I’m Scottish. I’m pretty indifferent on the whole thing. Both sides have their own merits, and it wouldn’t bother me too much either way. Mind you, I currently live over 100 miles south of the border!


----------



## Blackbeard (Apr 23, 2014)

Why is this thread still a thing? We had a vote and the nation said no, it's time to move on people.


----------



## BRITLAND (Jun 17, 2012)

Blackbeard said:


> Why is this thread still a thing? We had a vote and the nation said no, it's time to move on people.


It was bumped after the SNP brigade walked out of PMQs. Tbh that could of been a thread of its own if needed.

I'm getting tired of hearing about the independence thing too, I would rather they focused on reforming the UK political structure to a federal model similar to Canada (more sovereignty for Scotland and the rest of the nations, counties and cities in the UK), like this bill proposed by the Constitutional Reform Group:
http://www.constitutionreformgroup.co.uk/wp-content/uploads/2015/09/CRG-Act-of-Union-Bill.pdf


----------



## DOPA (Jul 13, 2012)

Blackbeard said:


> Why is this thread still a thing? We had a vote and the nation said no, it's time to move on people.

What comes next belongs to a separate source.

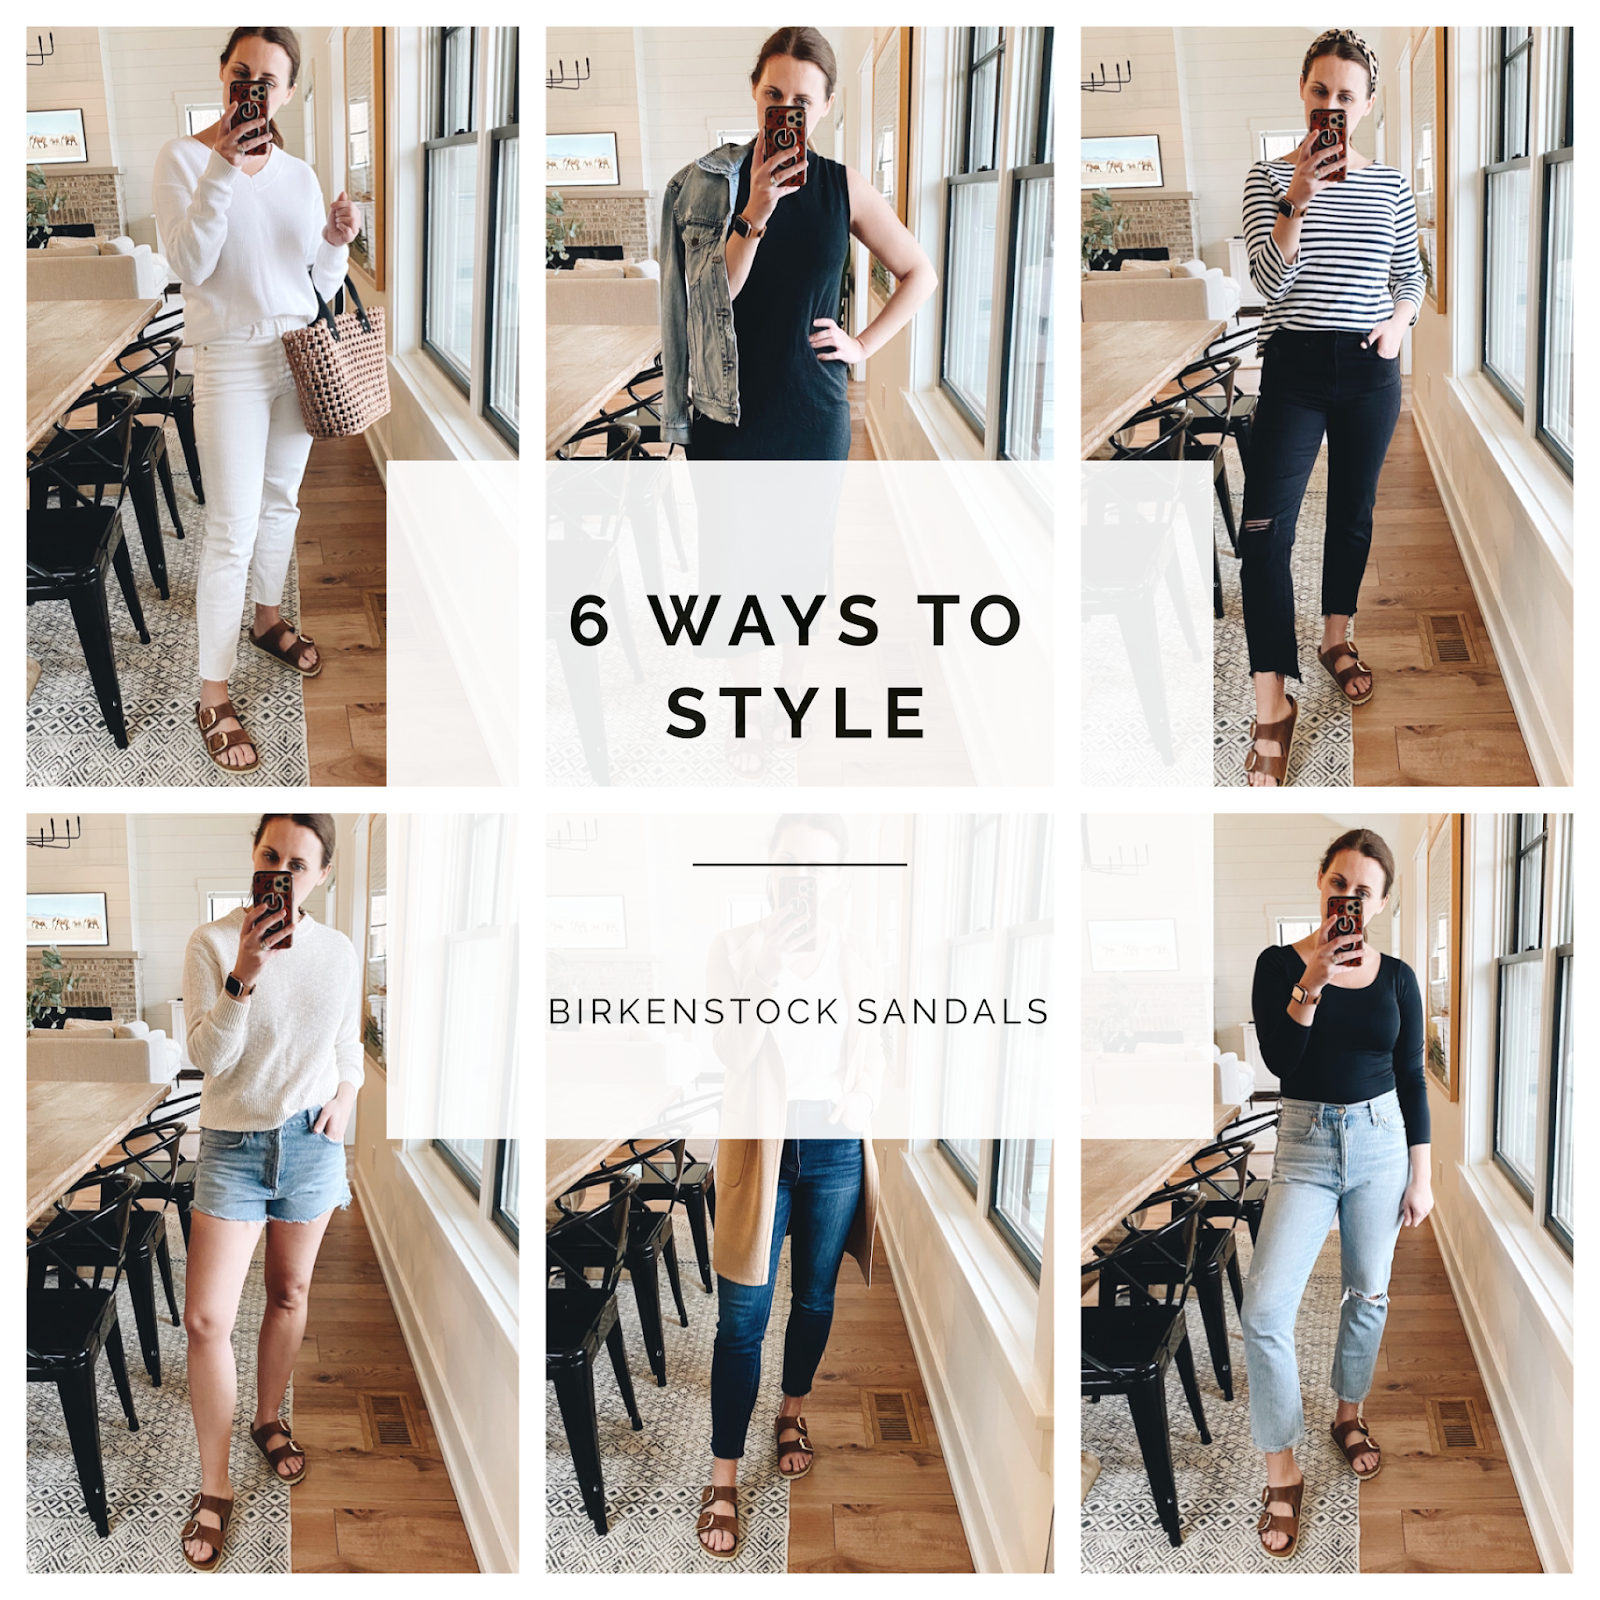 How to Wear Birkenstocks For Fall

Because unfortunately Nicola Sturgeon and the SNP won't let it go.

I agree with @BRITLAND btw.


----------



## Draykorinee (Aug 4, 2015)

We all know why, they voted before brexit, Scotland doesn't want to leave the EU so a lot of people changed their mind. Pretty simple.

Lets not act like leaving the EU is a small matter.

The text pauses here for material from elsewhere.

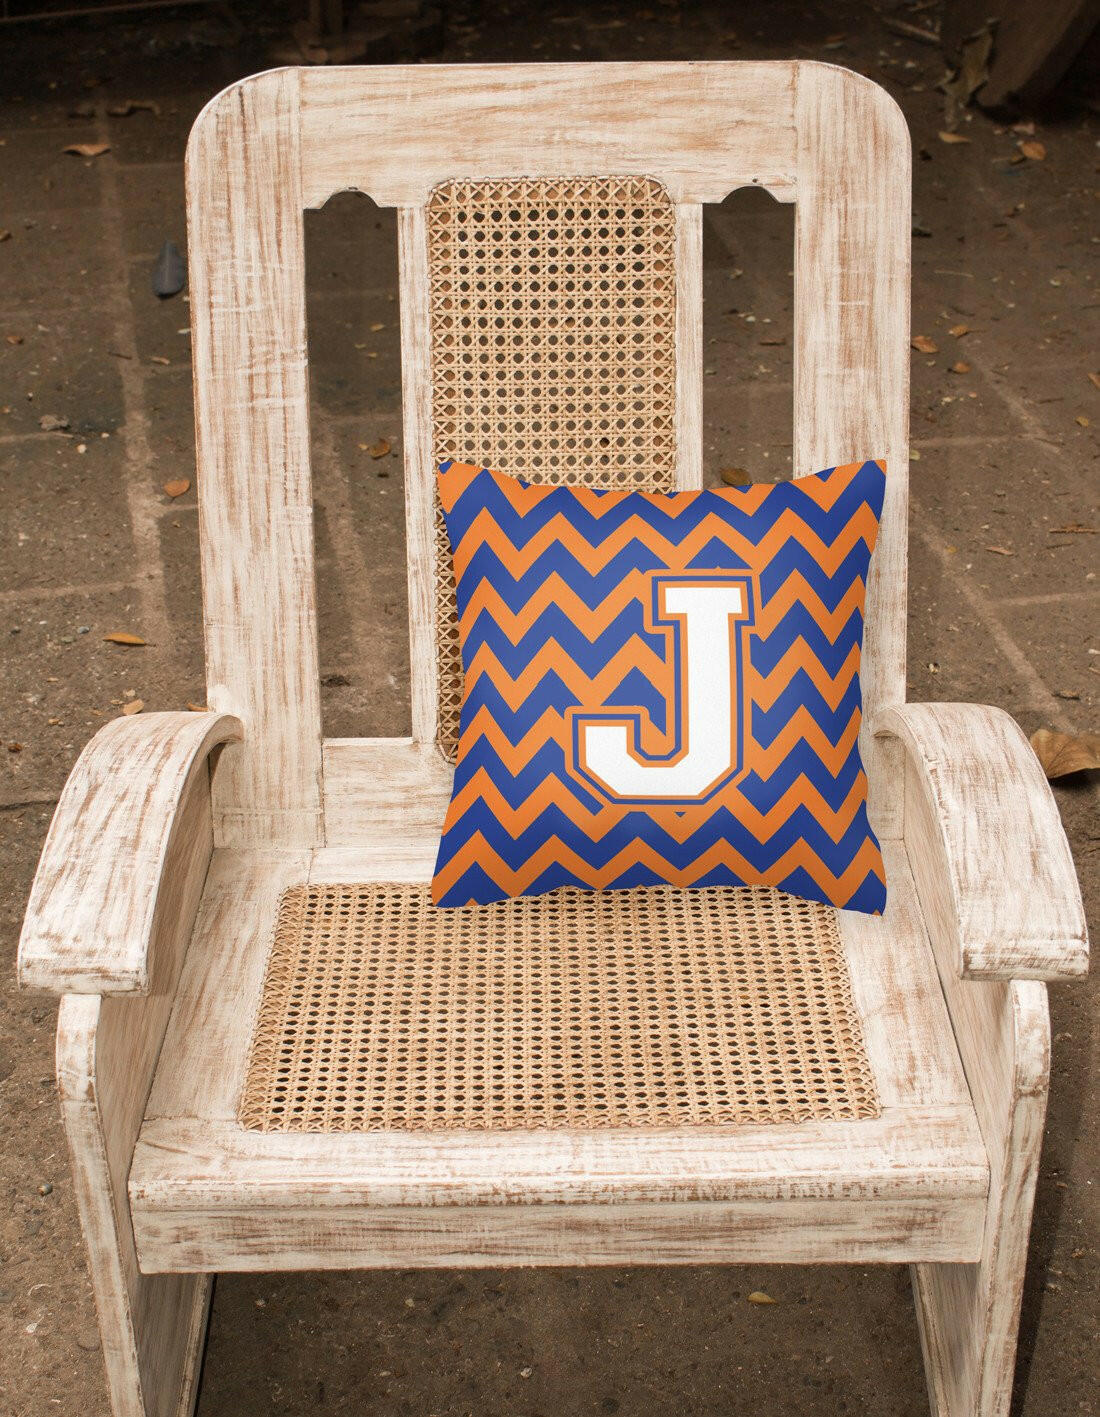 Letter J Chevron Blue and Orange #3 Fabric Decorative Pillow CJ1060-JPW1414 by Caroline's Treasures

Anyway, the Scottish people showed the SNP they weren't actually that interested in another vote by voting against them in the general election, doesn't mean you can't talk about it.


----------



## JackArmstrong (Jul 10, 2017)

Removed


----------



## JackArmstrong (Jul 10, 2017)

draykorinee said:


> We all know why, they voted before brexit, Scotland doesn't want to leave the EU so a lot of people changed their mind. Pretty simple.

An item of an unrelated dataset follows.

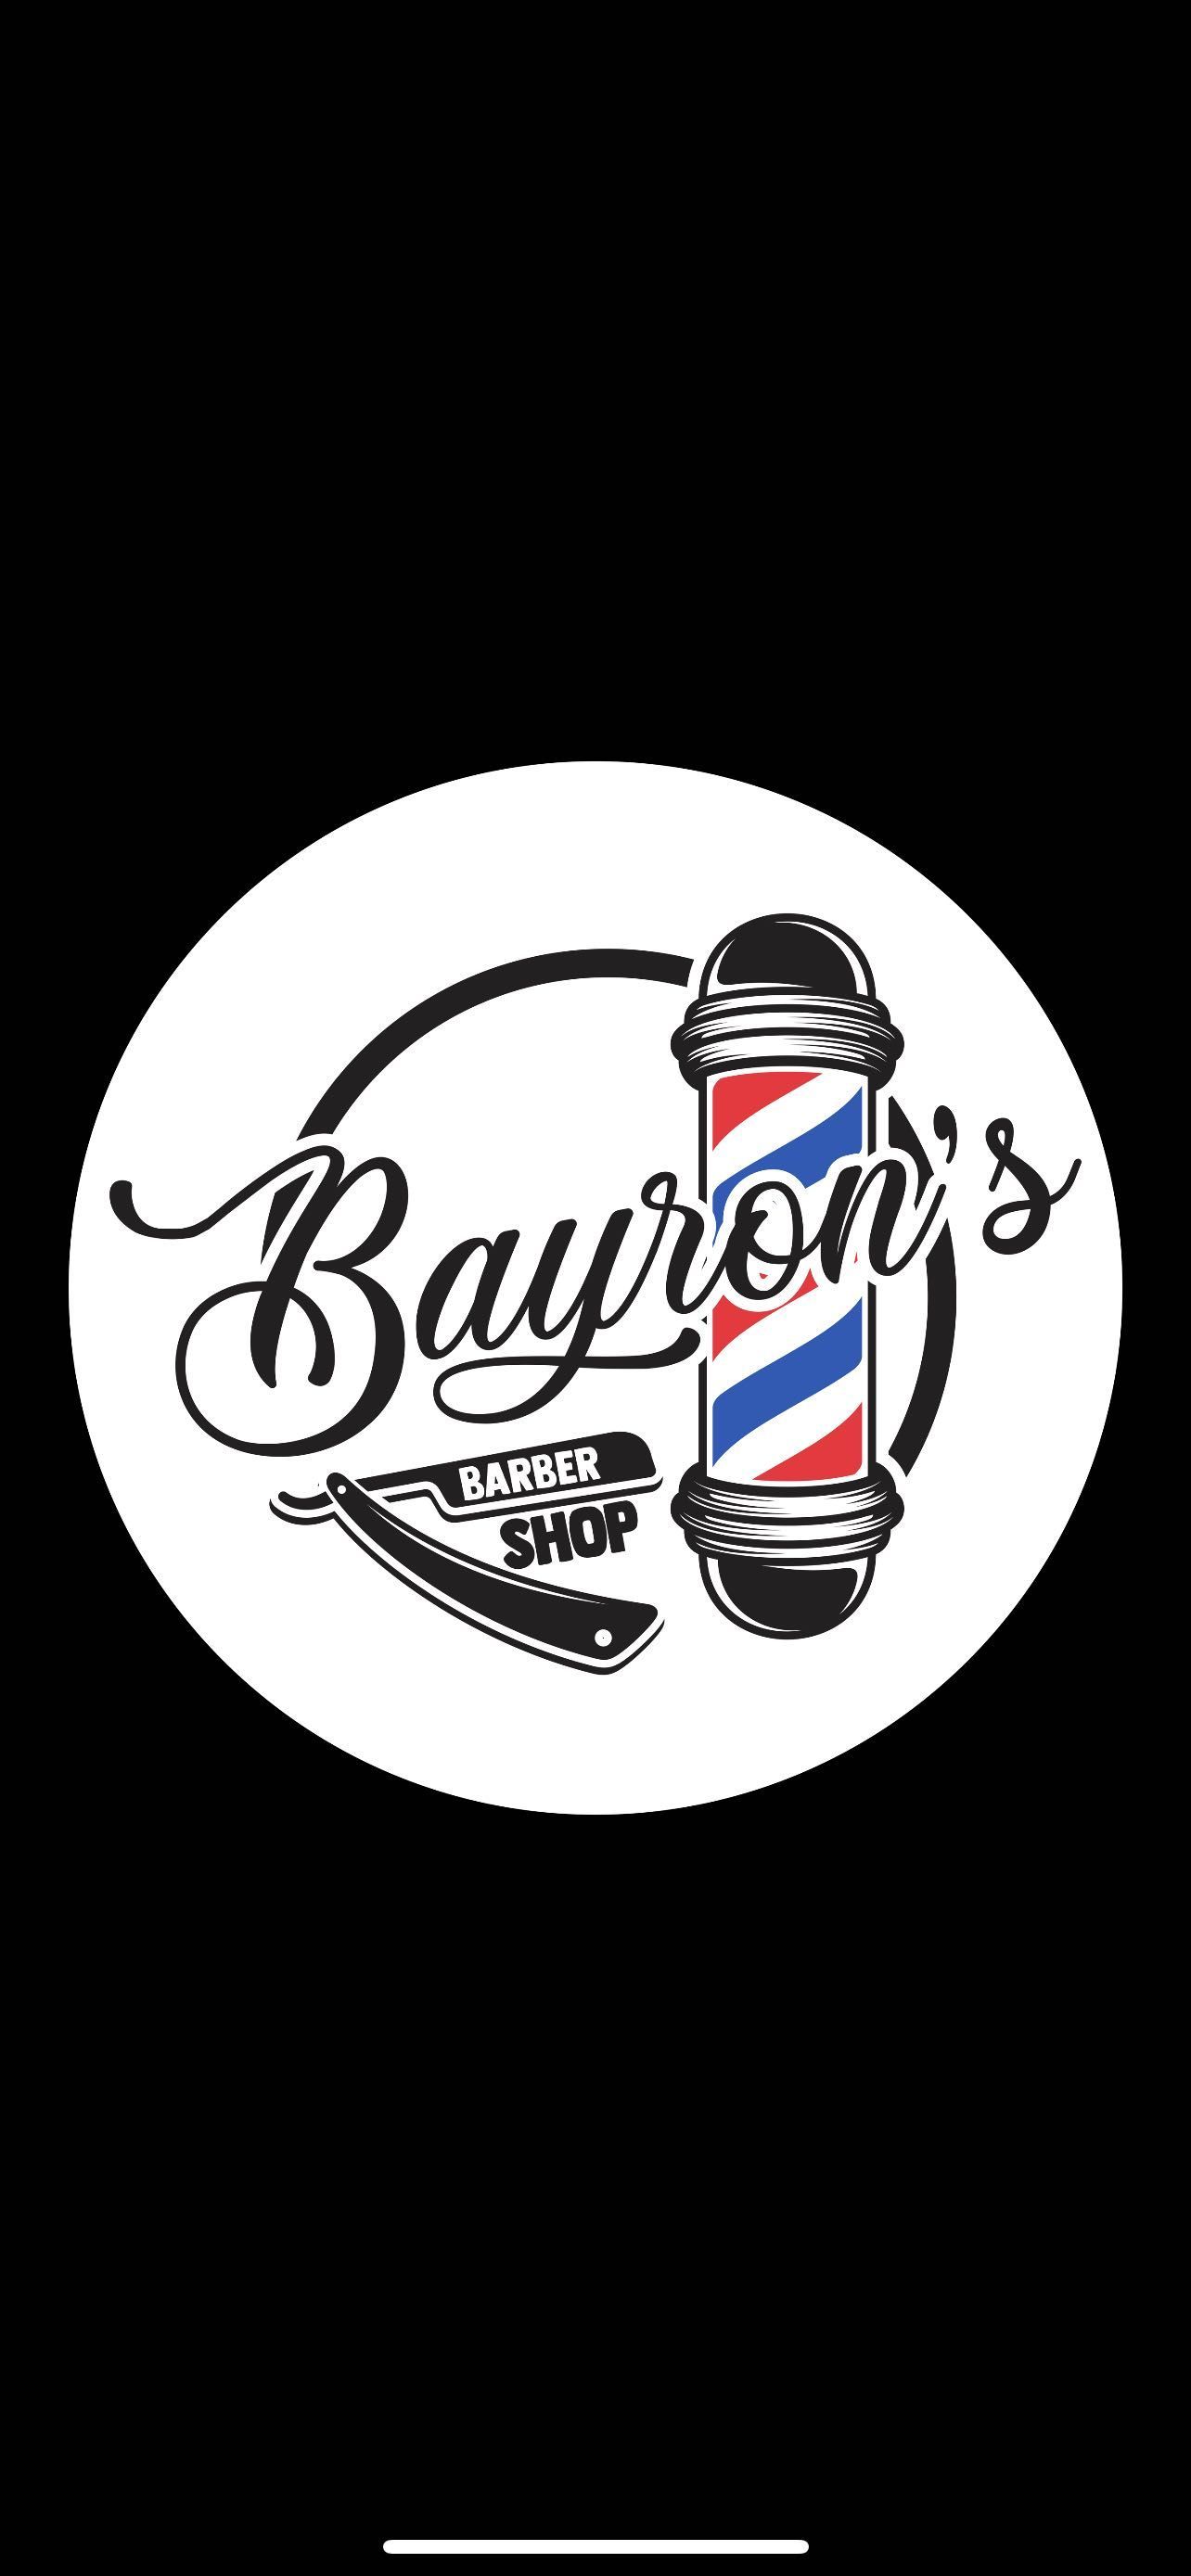 Bayron Cuts, 8120 Research Blvd., 104 A, Austin, 78758

But much like in 2014, Scotland's membership of the EU would remain uncertain at best post-independence. The chances for an independent Scotland joining the EU after the rest of Britain leaves are certainly no more favourable than they were four years ago.


----------



## Adam Cool (Oct 1, 2012)

Do the English even care about Scotland?
according to some Polls, English people are the least ethnicity to care about British identity , and English Independence/statehood Is more popular than Scottish Statehood


----------



## Draykorinee (Aug 4, 2015)

I couldn't care less if Scotland left, as long as there is no hard border. Same with the Welsh.


----------



## Vic Capri (Jun 7, 2006)

Holy zombie bump, Batman!

- Vic


----------



## BRITLAND (Jun 17, 2012)

Adam Cool said:


> Do the English even care about Scotland?
> according to some Polls, English people are the least ethnicity to care about British identity , and English Independence/statehood Is more popular than Scottish Statehood


Really? Where are these polls from? 

The last poll I seen showed 82% of England strongly identifying as British and that English identity was also at 80% pride of it was decreasing among newer/younger generations while the opposite is happening for Wales. Scottish identity is well over 80% for all generations.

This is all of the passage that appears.